Earlier this month we reported the news that DJ Mag has uncovered cheaters in its Top 100 DJs poll.

The magazine saw fit to disqualify unknown Swiss DJ Miss Diamond from the poll, and has promised that more culprits will be named and shamed in the coming weeks.

In an unexpected twist, dance music blog EDMSnob yesterday claimed that, whilst conducting an investigation the allegations of cheating, they stumbled across an entirely different scandal.

In a post published on the blog yesterday, “The Snob” claims to have been handed internal documents which reveal secret payments being made from top-tier DJs to DJ Mag in return for favourable editorial coverage.

The blogger alleges that German trance megastar Paul van Dyk [pictured] has paid at least £15,000 to the magazine this year in return for favourable coverage, connecting a series of invoices paid by both van Dyk and his management to complimentary editorial content including a feature article in the August 2012 issue of the magazine. Other supposed beneficiaries of the alleged payola scheme include Dutch DJ Ferry Corsten (who, invoices supposedly show, has paid a total of £13,000 to the magazine), Greek DJ Vierro (£10,000) and Egyptian duo Aly & Fila (£10,000).

The author goes on to claim that, “Such large payments secretly changing hands between artists and DJ Mag call into question the impartiality of the magazine’s other ventures, especially the Top 100 DJ poll. While no evidence has been presented of any tampering or altering of results whatsoever, it is obvious a conflict of interest exists for an organization purporting to conduct an objective poll.”

DJ Mag later issued a statement on their website asserting that: “The invoices that have been published are for legitimate advertising and CD covermount deals. This can easily be verified by checking the magazine issues mentioned. They are not ‘secret documents’ but are confidential company invoices and have been obtained without our consent. We cannot stress enough that as guardians of the Top 100 DJs Poll we take the integrity of the Poll extremely seriously.”

The statement goes on to describe the blog post as simply an attempt to “drive traffic and interest in EDM Snob’s blog, and divert attention away from our ongoing investigation into cheating in this year’s Poll. We view the obtaining of these invoices as a criminal matter and have contacted the police.”

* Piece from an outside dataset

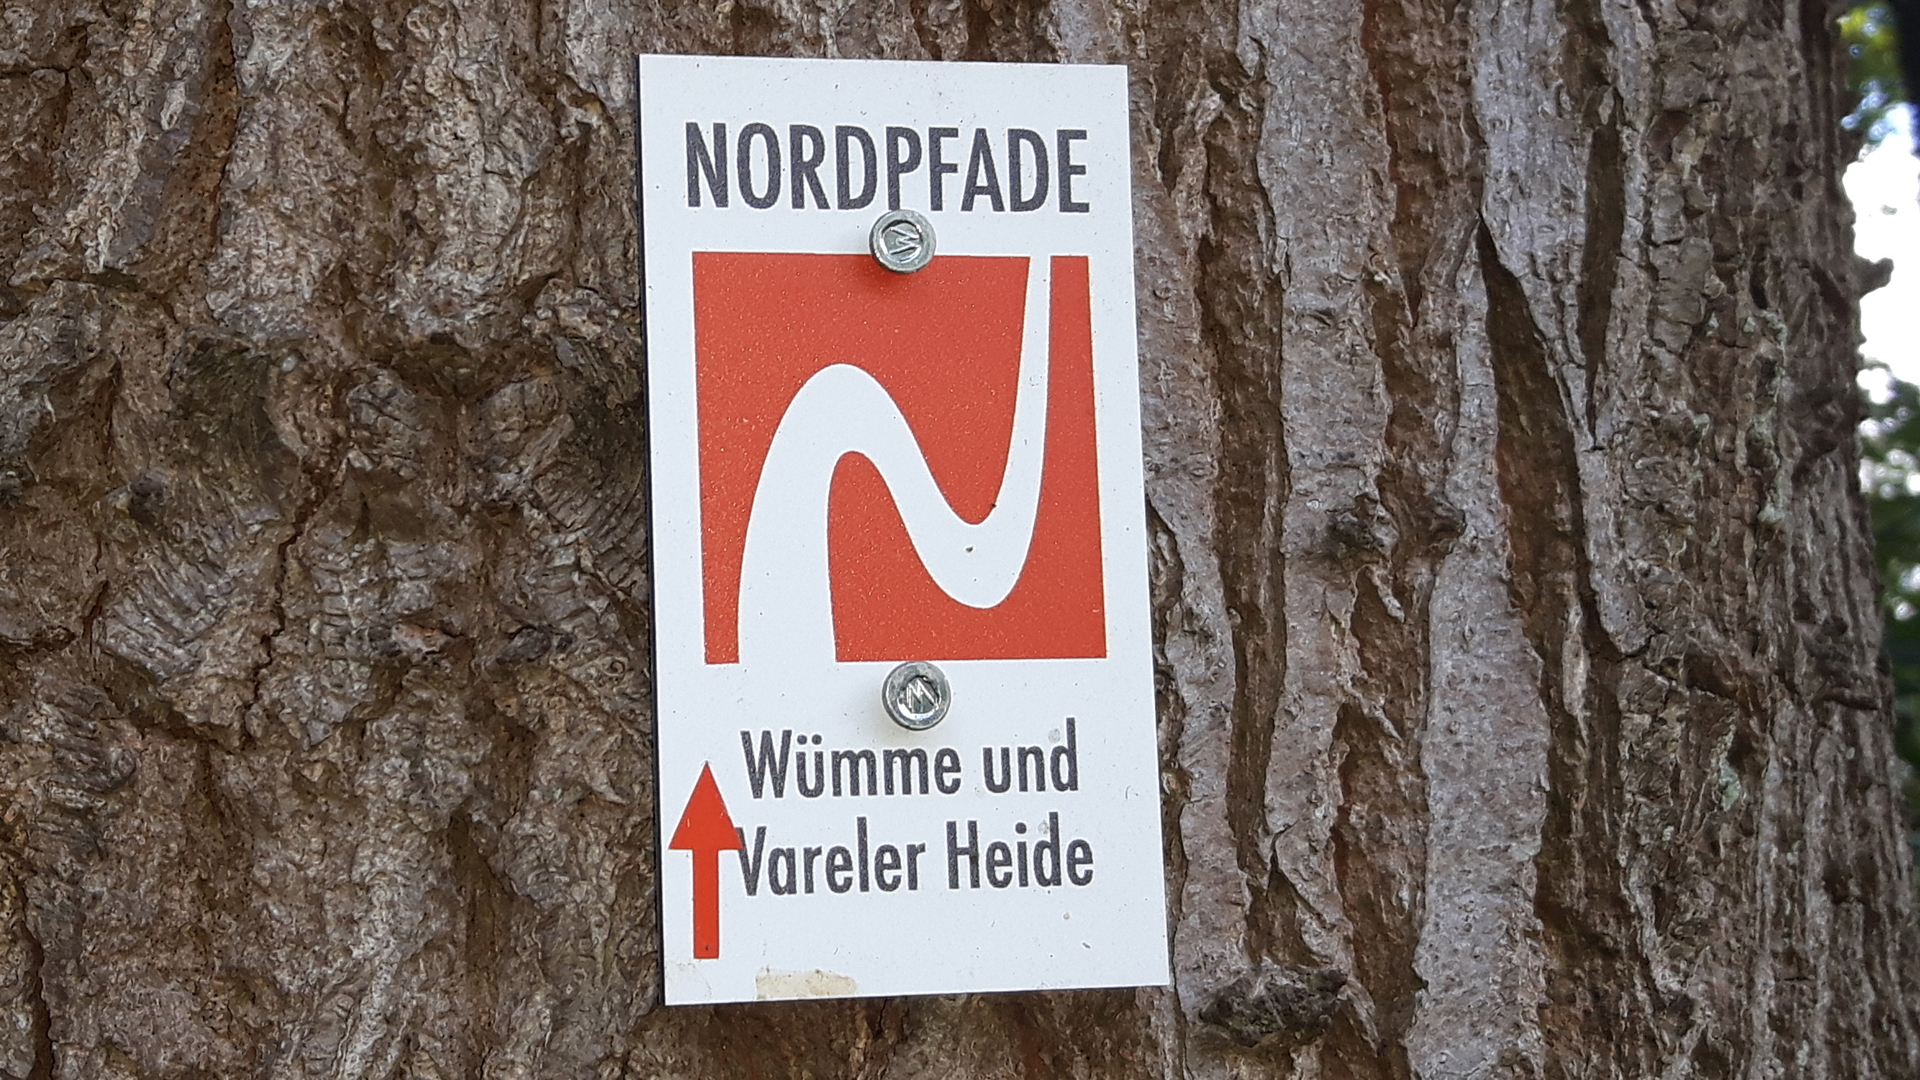 Dein Wegbegleiter für diesen NORDPFAD - das Logo vom NORDPFAD Wümme und Vareler Heide

The allegations made by EDMSnob are obviously of a hugely serious nature and, if proven true, could pose a huge threat to DJ Mag’s reputation. However, at this stage it seems difficult to prove that the invoices uncovered are for anything other than legitimate advertising deals; indeed, “The Snob” admits that in most cases the invoices in question could be linked, at least partly, to legitimate advertising in the magazine as well as to alleged payola. Whilst the author goes on to trumpet the discovery that “a significant portion of DJ Mag’s revenue is derived from advertisements by artists, their agencies, their management or their record labels”, this is surely a plain fact for any publication which hosts clearly signposted advertising alongside editorial content, and doesn’t necessarily point to a loss of impartiality on the part of editorial staff. More news as we have it.